Most enterprises now have a token dashboard. Very few have AI FinOps. A dashboard reports what was spent after it was spent, in an aggregate that no team can act on. AI FinOps is a discipline: it attributes spend to the workflows and customers that caused it, forecasts where the curve is heading, applies reduction levers behind a quality gate, and assigns ownership across Finance, Engineering, Governance, and Product. This paper adapts the FinOps inform, optimize, and operate cycle to large language model spend, defines cost per successful outcome as the metric that matters, and gives a 90-day rollout.
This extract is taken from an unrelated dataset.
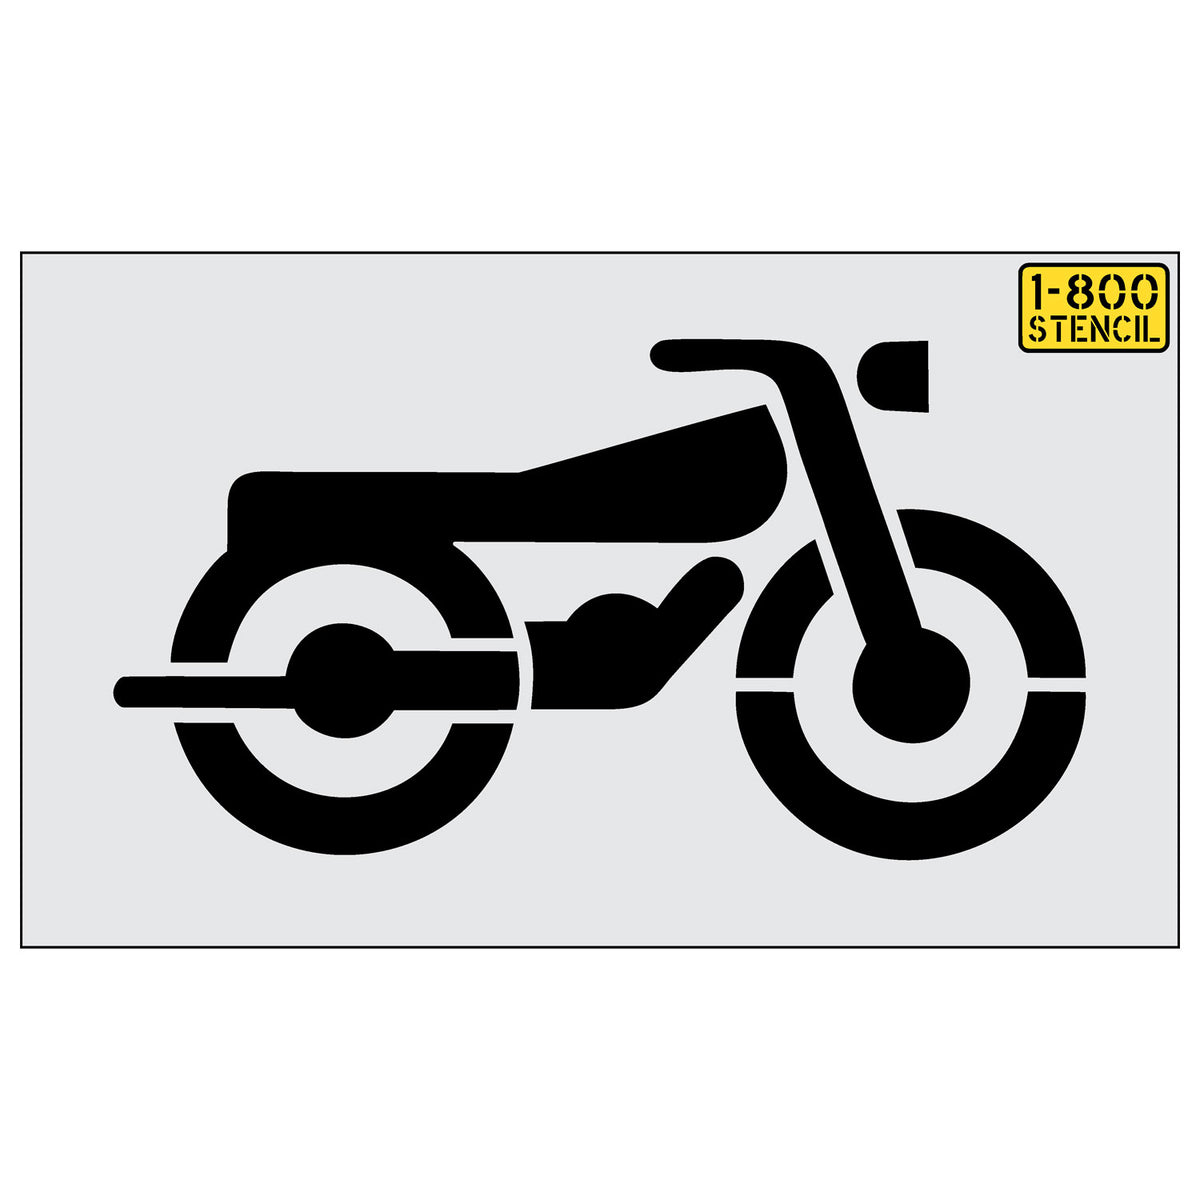 13,351 Bike Parking Sign Images, Stock Photos & Vectors | Shutterstock

It is written for the CIO and CFO who have seen the AI line item and now need a way to govern it.

Key takeaways
  • 1.A token dashboard reports cost, it does not attribute or control it, and reporting is the easy part.
  • 2.AI FinOps adapts the FinOps inform, optimize, and operate cycle to per-request LLM spend.
  • 3.Attribution replaces an aggregate invoice with an itemized ledger tied to workflow, team, and customer.
  • 4.Spend forecasts well as calls times context size times rate, which makes growth scenarios testable before they arrive.
  • 5.Reduction levers, compression, routing, caching, and policy, only count when gated on evaluation and measured in cost per successful task.
  • 6.Unit economics, cost per successful outcome, is the metric that ties AI spend to business value and the only one a CFO can defend.
  • 7.AI spend needs a named owner and a RACI, or it stays everyone's concern and no one's responsibility.

Executive summary

A spend chart is not a control. It explains the past, it does not change it, and it almost never tells you which workflow, team, or customer caused the number. Enterprises have responded to rising AI bills by buying visibility, then discovering that visibility alone moves nothing. The chart goes up, everyone agrees it should go down, and no one owns the lever that would bend it.
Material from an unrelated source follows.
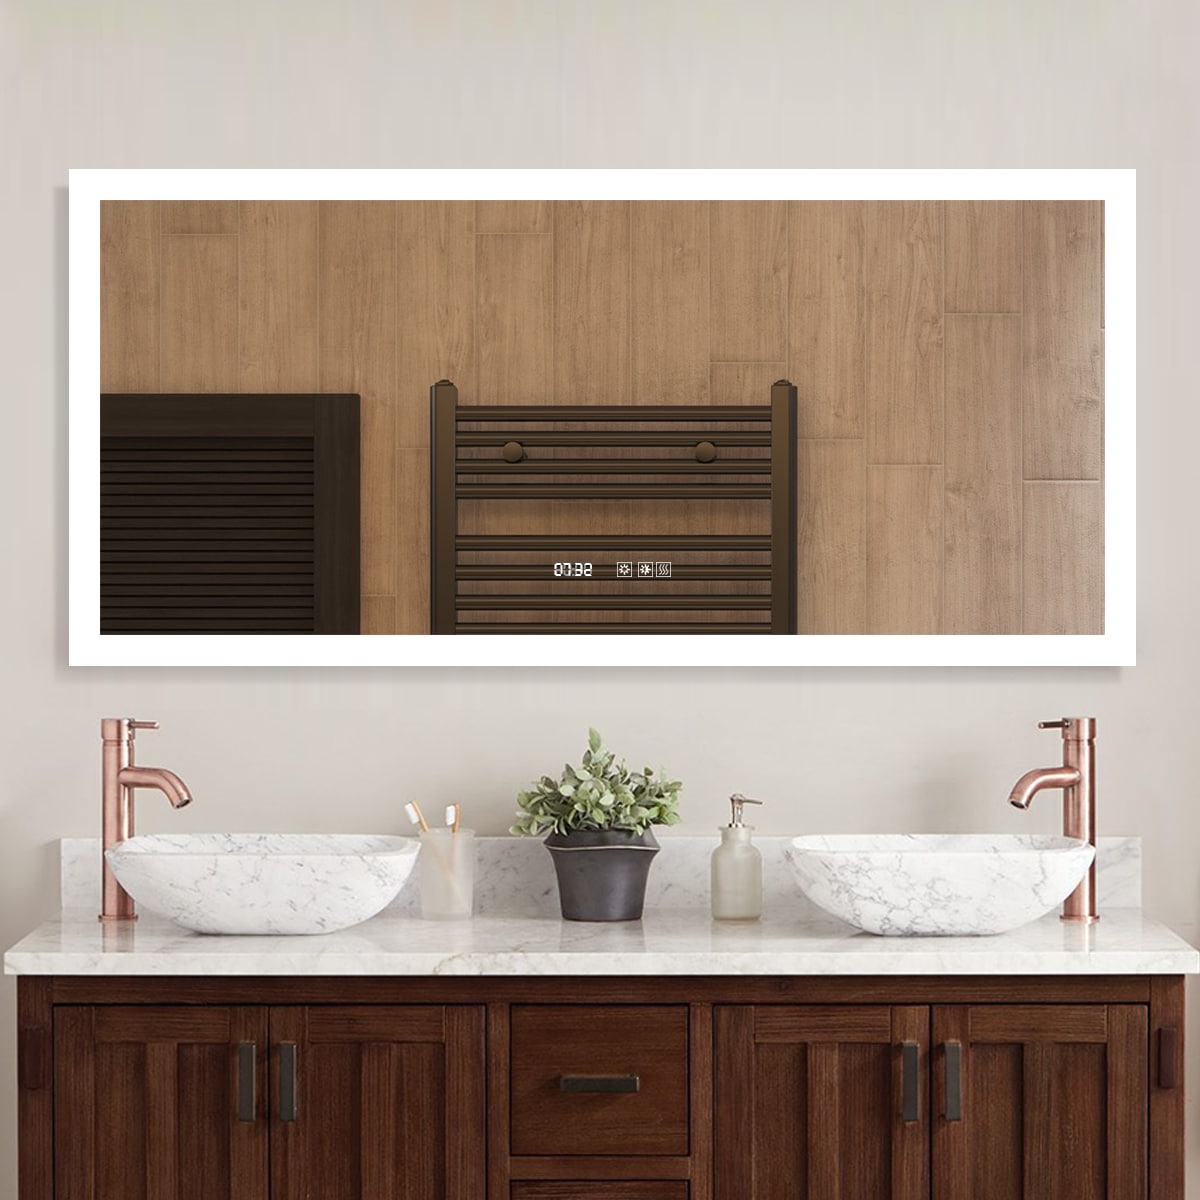 Wall Bathroom Mirror with Shelf Hooks Sturdy Metal Frame for Bedroom Living  Room

AI FinOps is the practice that turns a dashboard into a decision. It borrows the FinOps cycle the industry already uses for cloud, inform, optimize, and operate, and applies it to the one cost center that grows per request rather than per server: tokens sent to and received from a model. The unit of account is not the token. It is the successful business outcome the tokens were spent to produce.

60–80%
of LLM spend that is input context in RAG and agent workloads (typical range)
2–4×
spend growth a quarter is common as a workload moves from pilot to platform (illustrative)
30–60%
cost reduction available from quality-gated levers without changing the model (illustrative)
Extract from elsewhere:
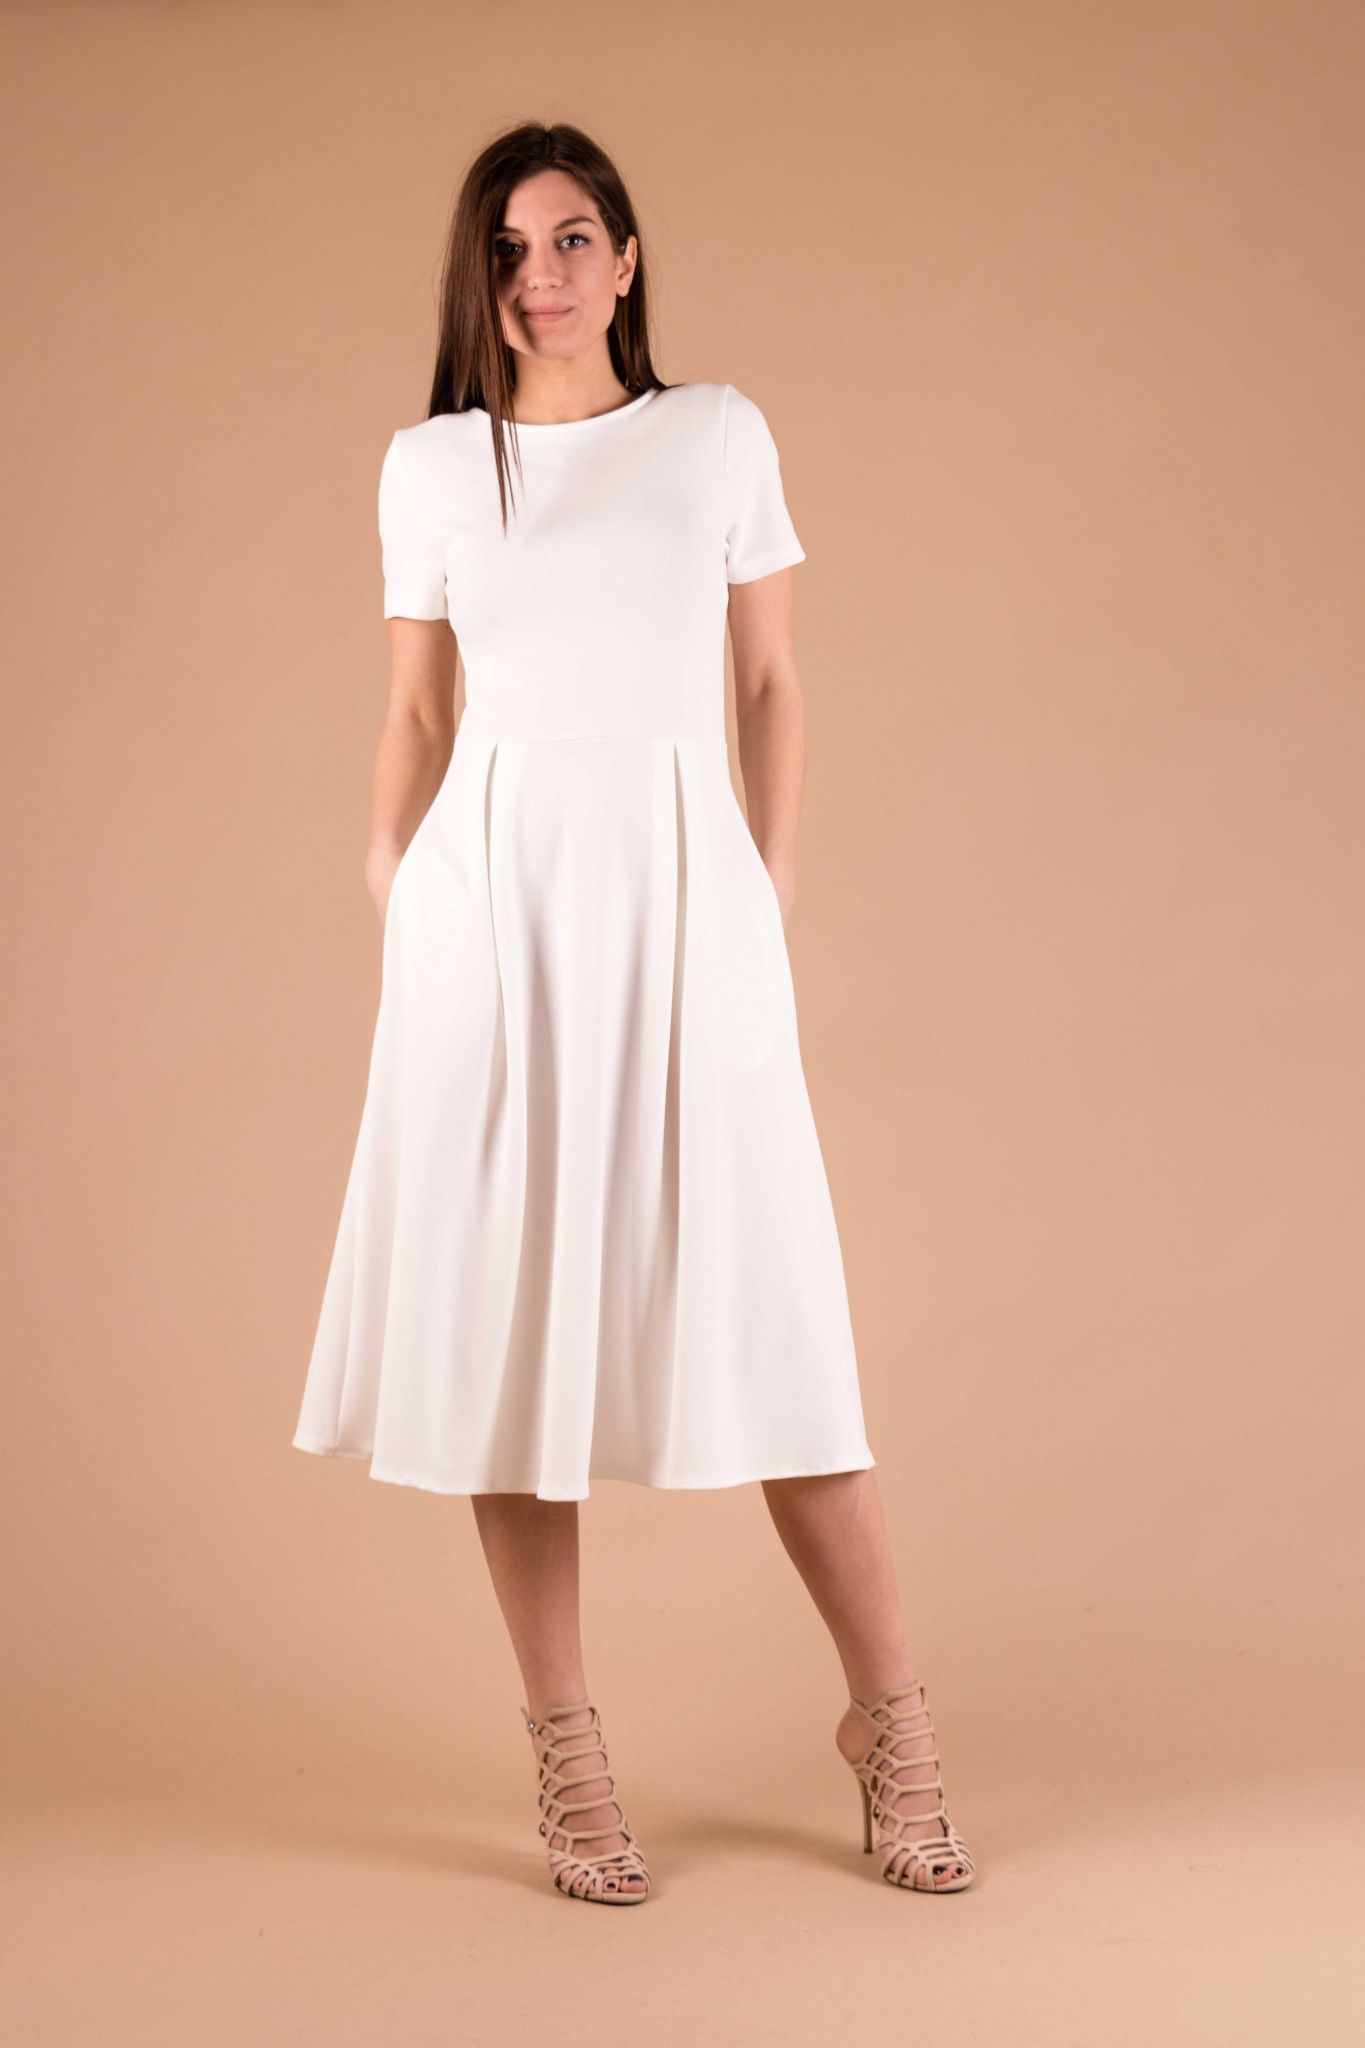 White Flowing Short Dress 2021

This paper draws a hard line between observation and control. It shows how to replace an aggregate invoice with an itemized ledger, how to forecast spend as a product of calls, context size, and rate, and how to manage AI cost as a quality-constrained optimization rather than a race to the cheapest prompt. The result is an operating model in which AI spend has an owner, a forecast, a set of levers, and a definition of success that Finance and Engineering can both sign.

I. The dashboard trap

The first thing an enterprise builds when the AI bill arrives is a dashboard. It is the right instinct and the wrong stopping point. A dashboard answers one question, how much did we spend, and it answers it well. It does not answer the three questions that would let anyone act: who caused it, where is it heading, and what do we do about it.

Spend charts explain the past

A monthly spend chart is a record of decisions already made and tokens already billed. By the time a number appears on it, the workflows that produced the number have run, the context they sent is gone, and the only thing left is the invoice. You can study the chart as long as you like. It describes a world you can no longer change.

Aggregation hides the cause

Provider and cloud billing report spend in aggregate: total tokens, total dollars, perhaps a split by model. They do not tell you that one customer's nightly batch job is forty percent of the bill, or that a single agent workflow fanned a thousand user actions into thirty thousand model calls. The cost that matters is always a particular workflow serving a particular user, and aggregation is designed to erase exactly that detail.

Visibility is not control

The gap between seeing a cost and changing it is the whole problem. A dashboard is a thermometer. AI FinOps is the thermostat. The rest of this paper is about the difference: attribution that names the cause, forecasting that anticipates the curve, levers that bend it, and an owner who is accountable for the result.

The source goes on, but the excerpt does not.